----- GIVEN INFORMATION -----

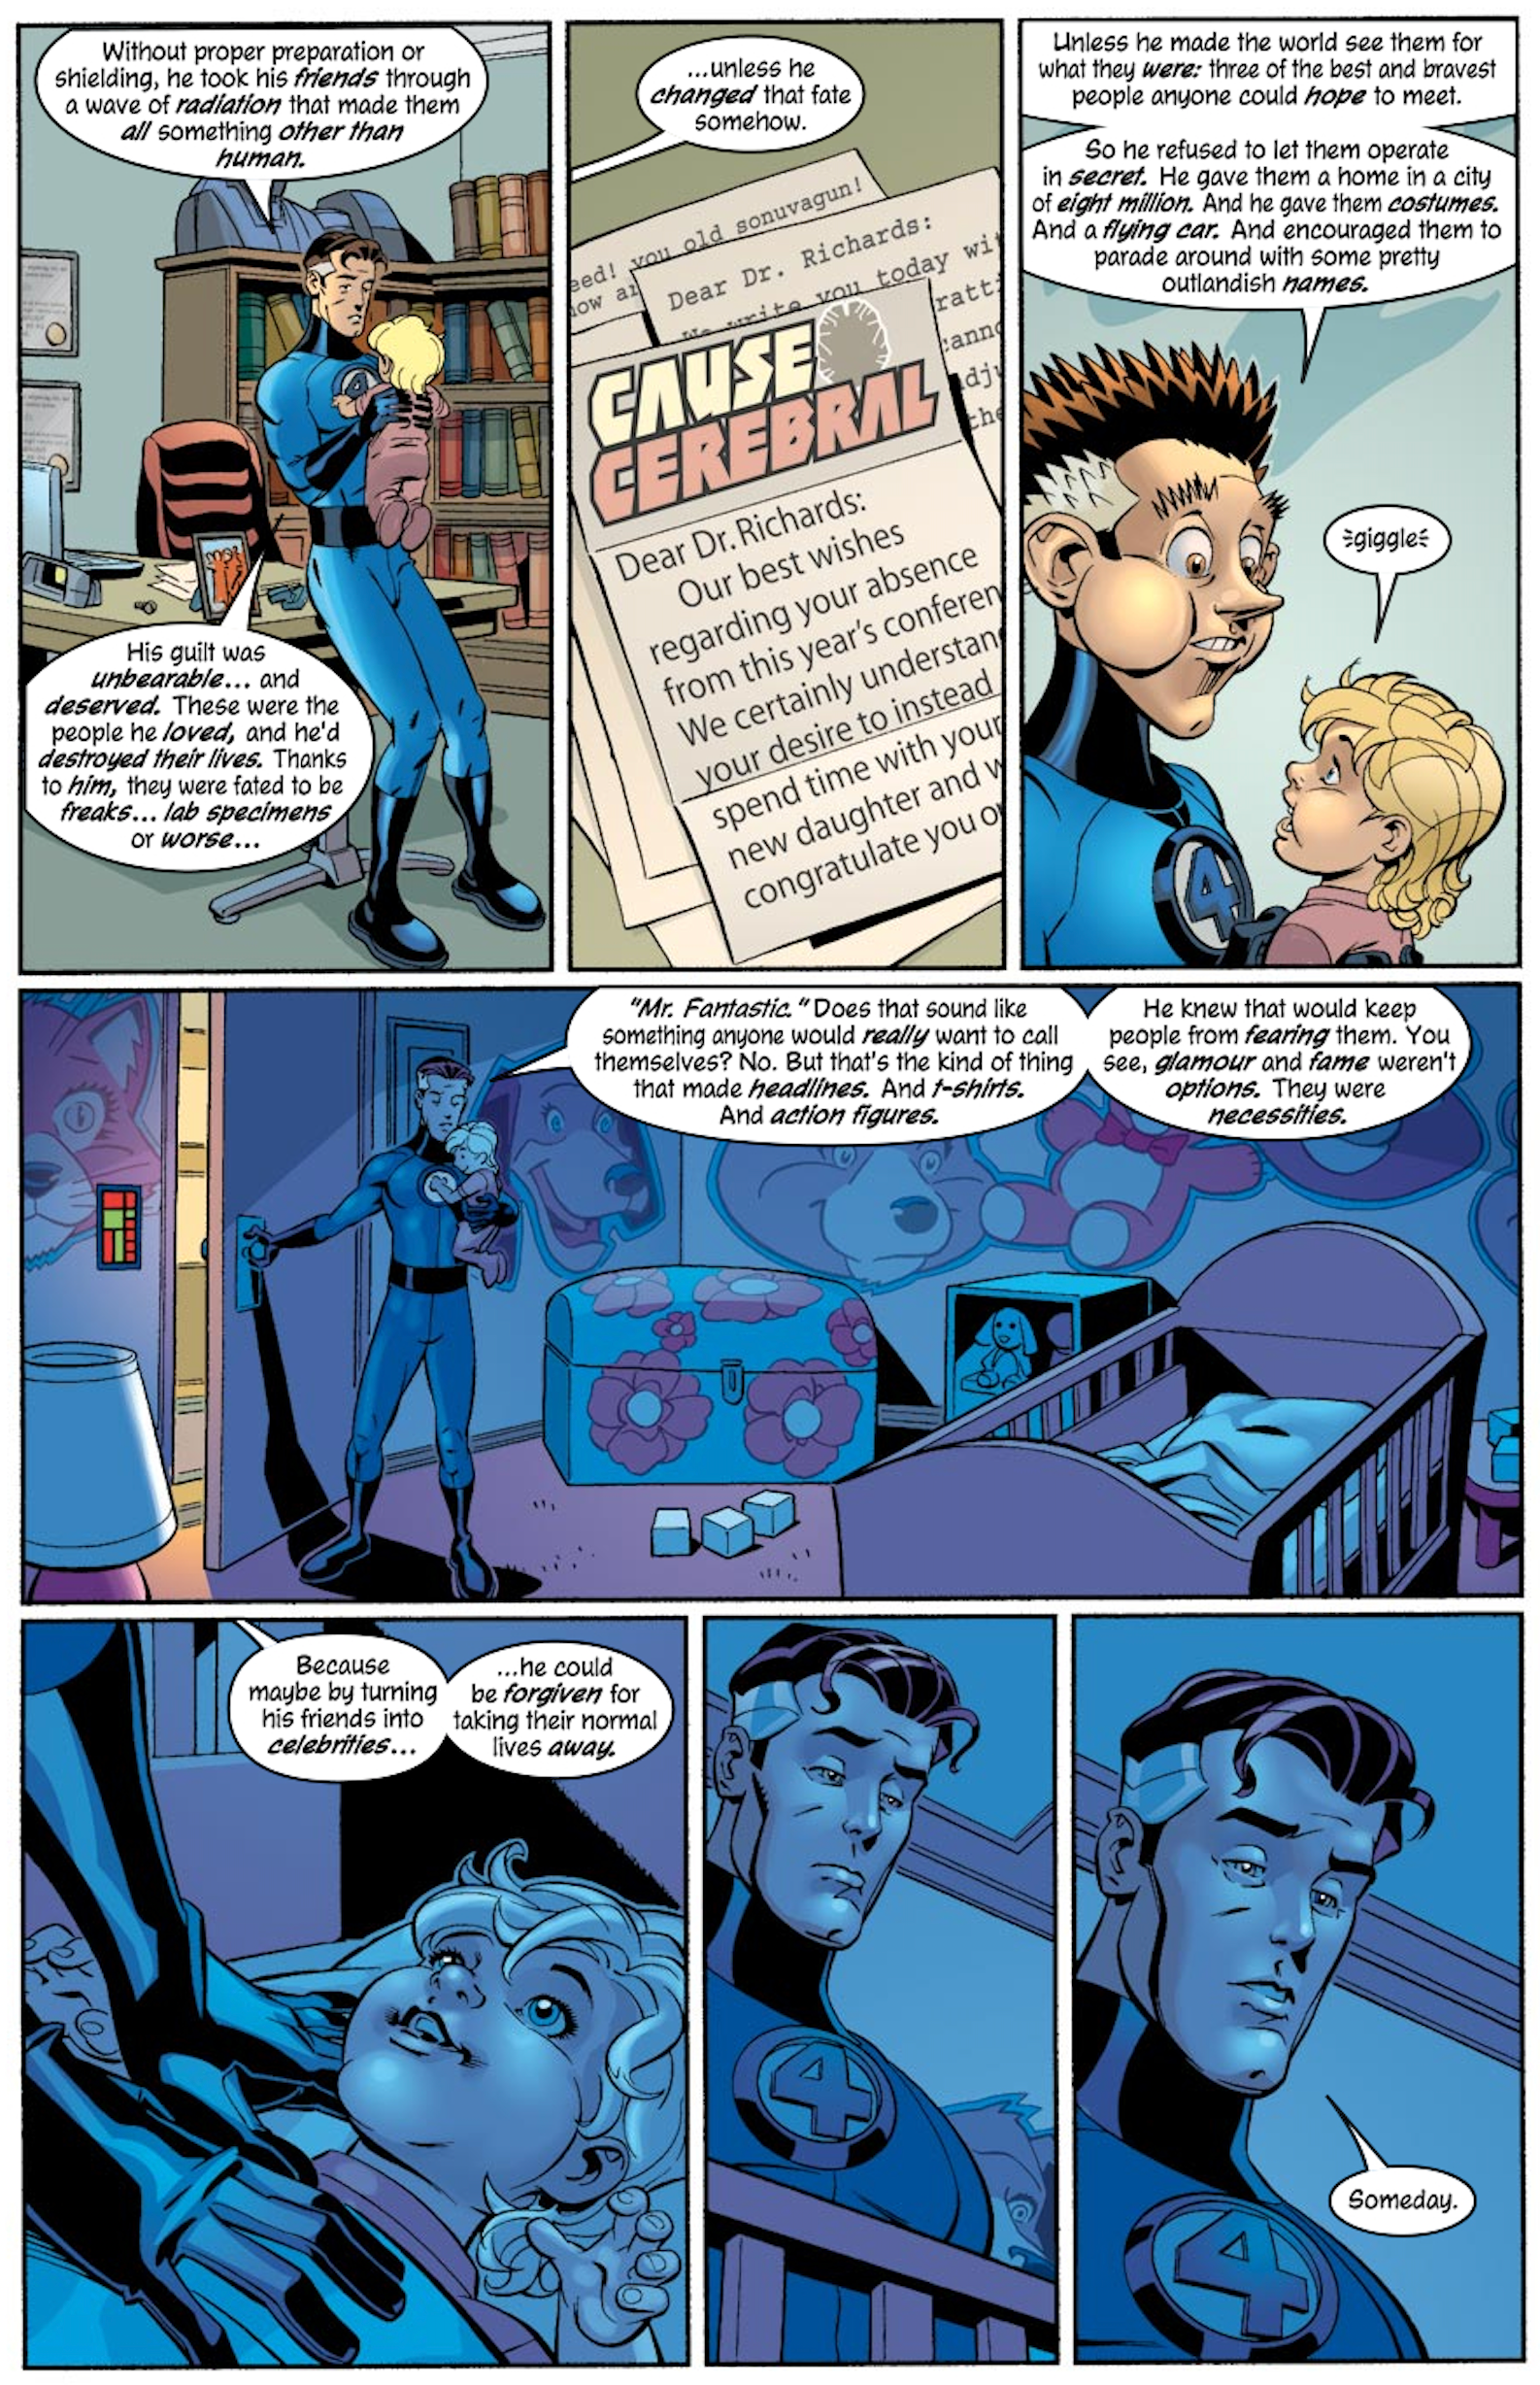 Why Reed Richards is Mr Fantastic
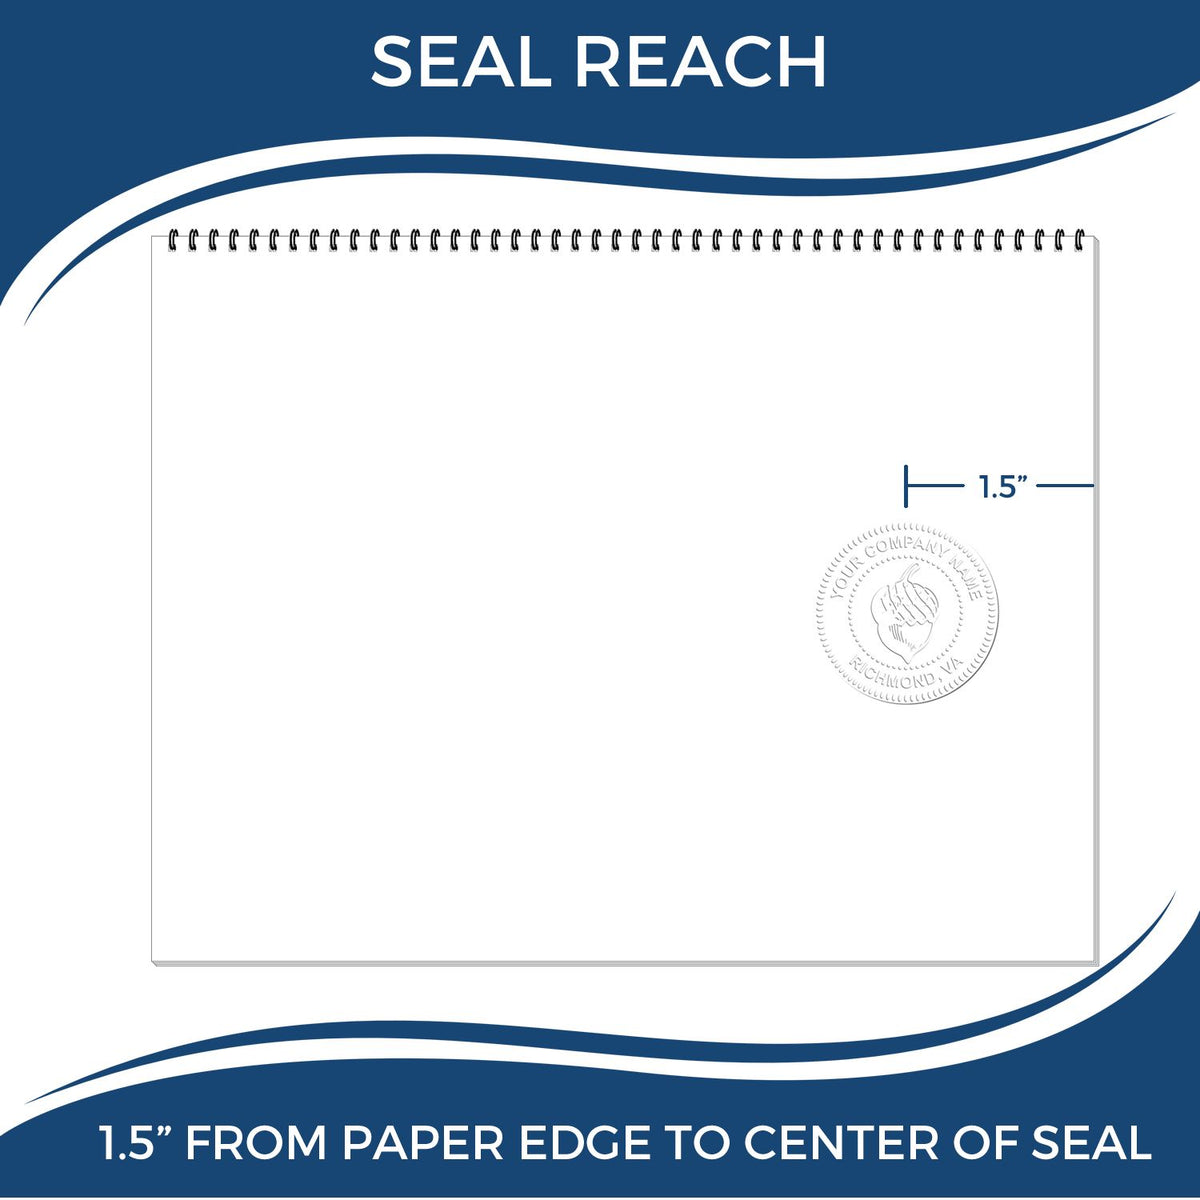 An infographic showing the seal reach which is represented by a ruler and a miniature seal image of the Hybrid Vermont Architect Seal
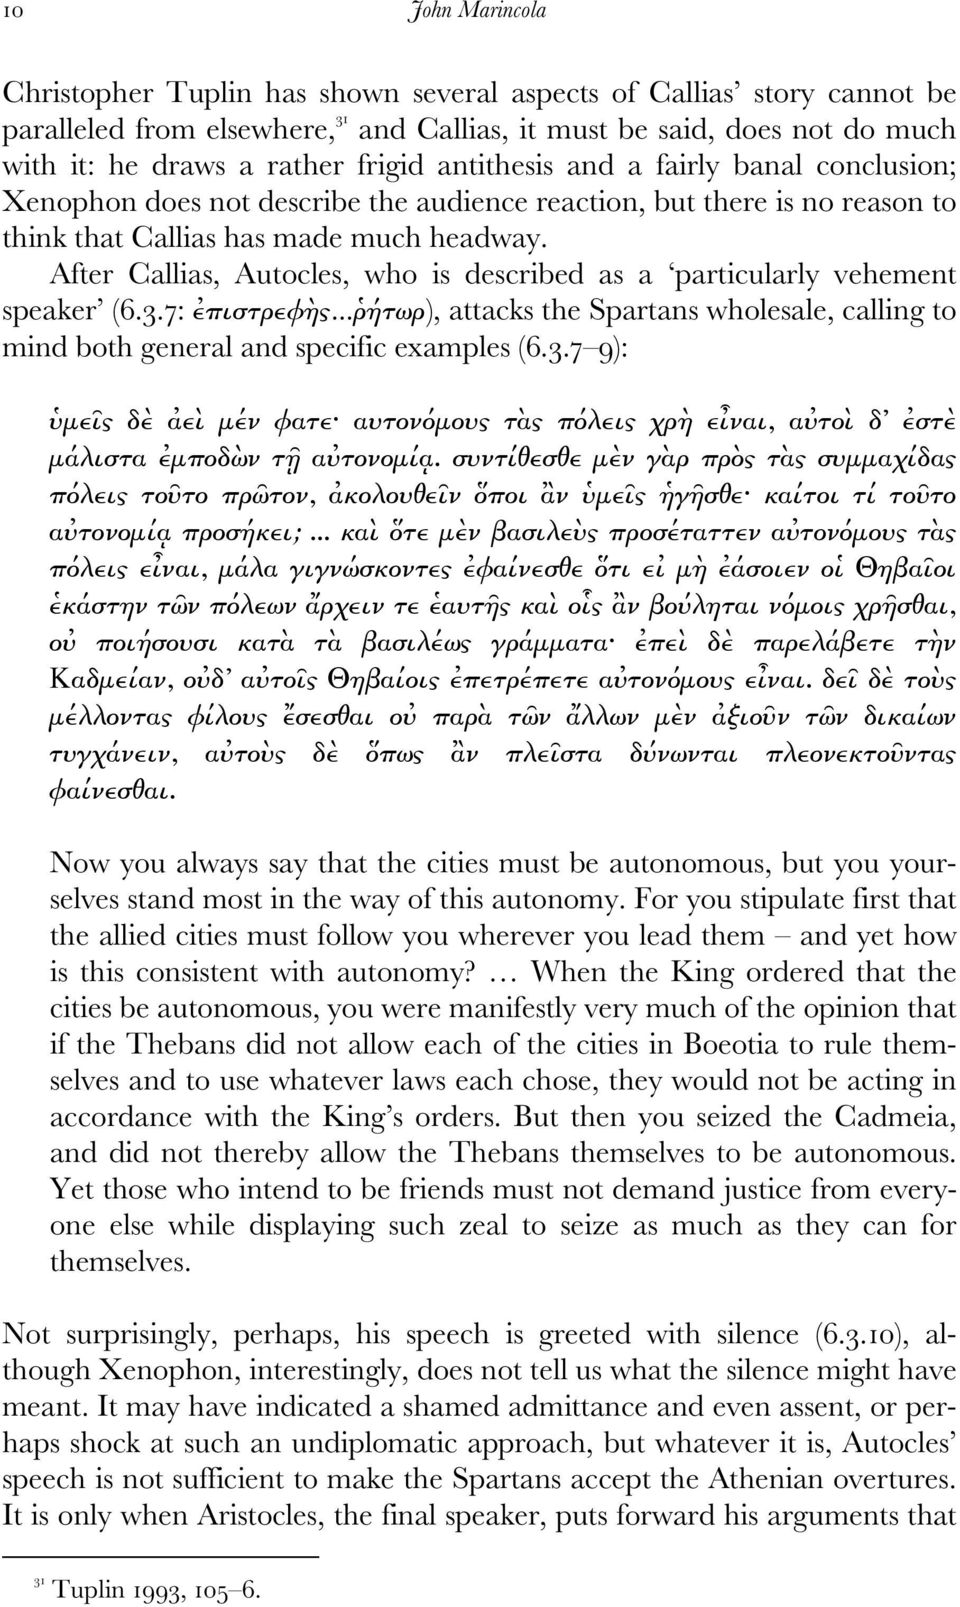 After Callias, Autocles, who is described as a particularly vehement speaker (6.3.7: ἐπιστρεφὴς...ῥήτωρ), attacks the Spartans wholesale, calling to mind both general and specific examples (6.3.7 9): ὑµεῖς δὲ ἀεὶ µέν φατε αυτονόµους τὰς πόλεις χρὴ εἶναι, αὐτοὶ δ ἐστὲ µάλιστα ἐµποδὼν τῇ αὐτονοµίᾳ.
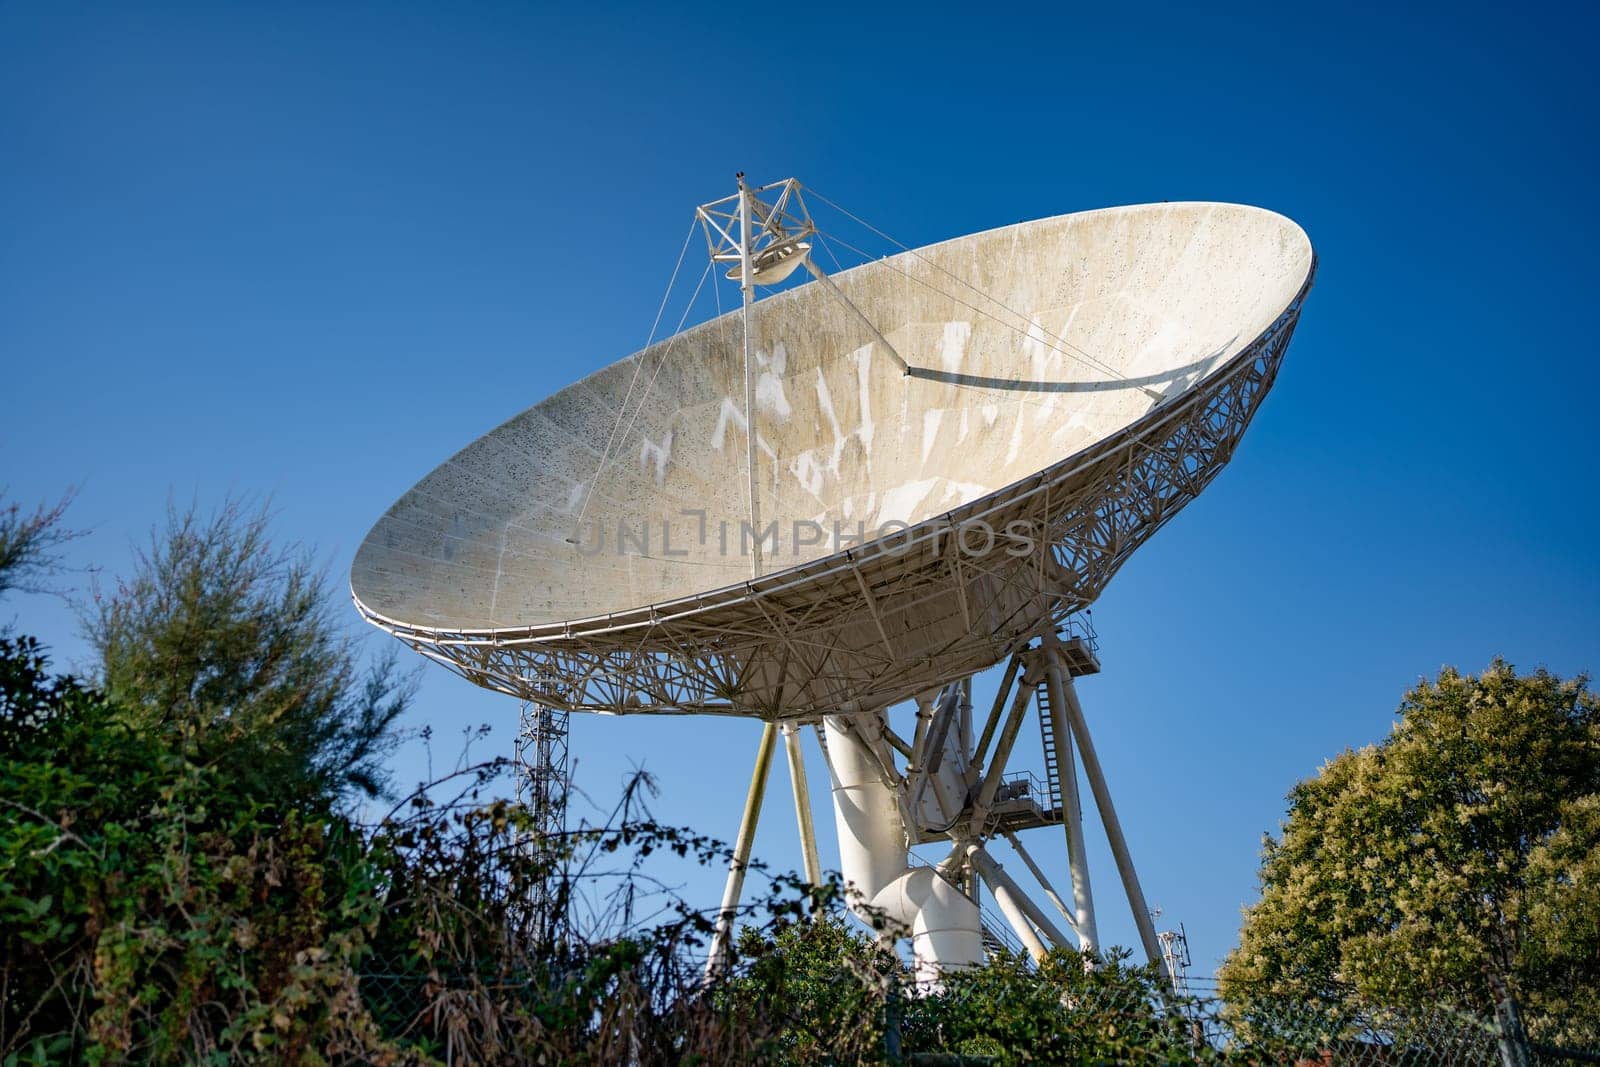 Earth based astronomical radio telescope. Radio telescopes used in science for space observation and distant objects exploring.

-----

### [TASK OBJECTIVE]
Restate the data word for word from its first line through the line with "After Callias, Autocles, who", leaving out any picture along the way.

### [ANSWER FOR THIS EXERCISE]
 Why Reed Richards is Mr Fantastic
 An infographic showing the seal reach which is represented by a ruler and a miniature seal image of the Hybrid Vermont Architect Seal
 After Callias, Autocles, who is described as a particularly vehement speaker (6.3.7: ἐπιστρεφὴς...ῥήτωρ), attacks the Spartans wholesale, calling to mind both general and specific examples (6.3.7 9): ὑµεῖς δὲ ἀεὶ µέν φατε αυτονόµους τὰς πόλεις χρὴ εἶναι, αὐτοὶ δ ἐστὲ µάλιστα ἐµποδὼν τῇ αὐτονοµίᾳ.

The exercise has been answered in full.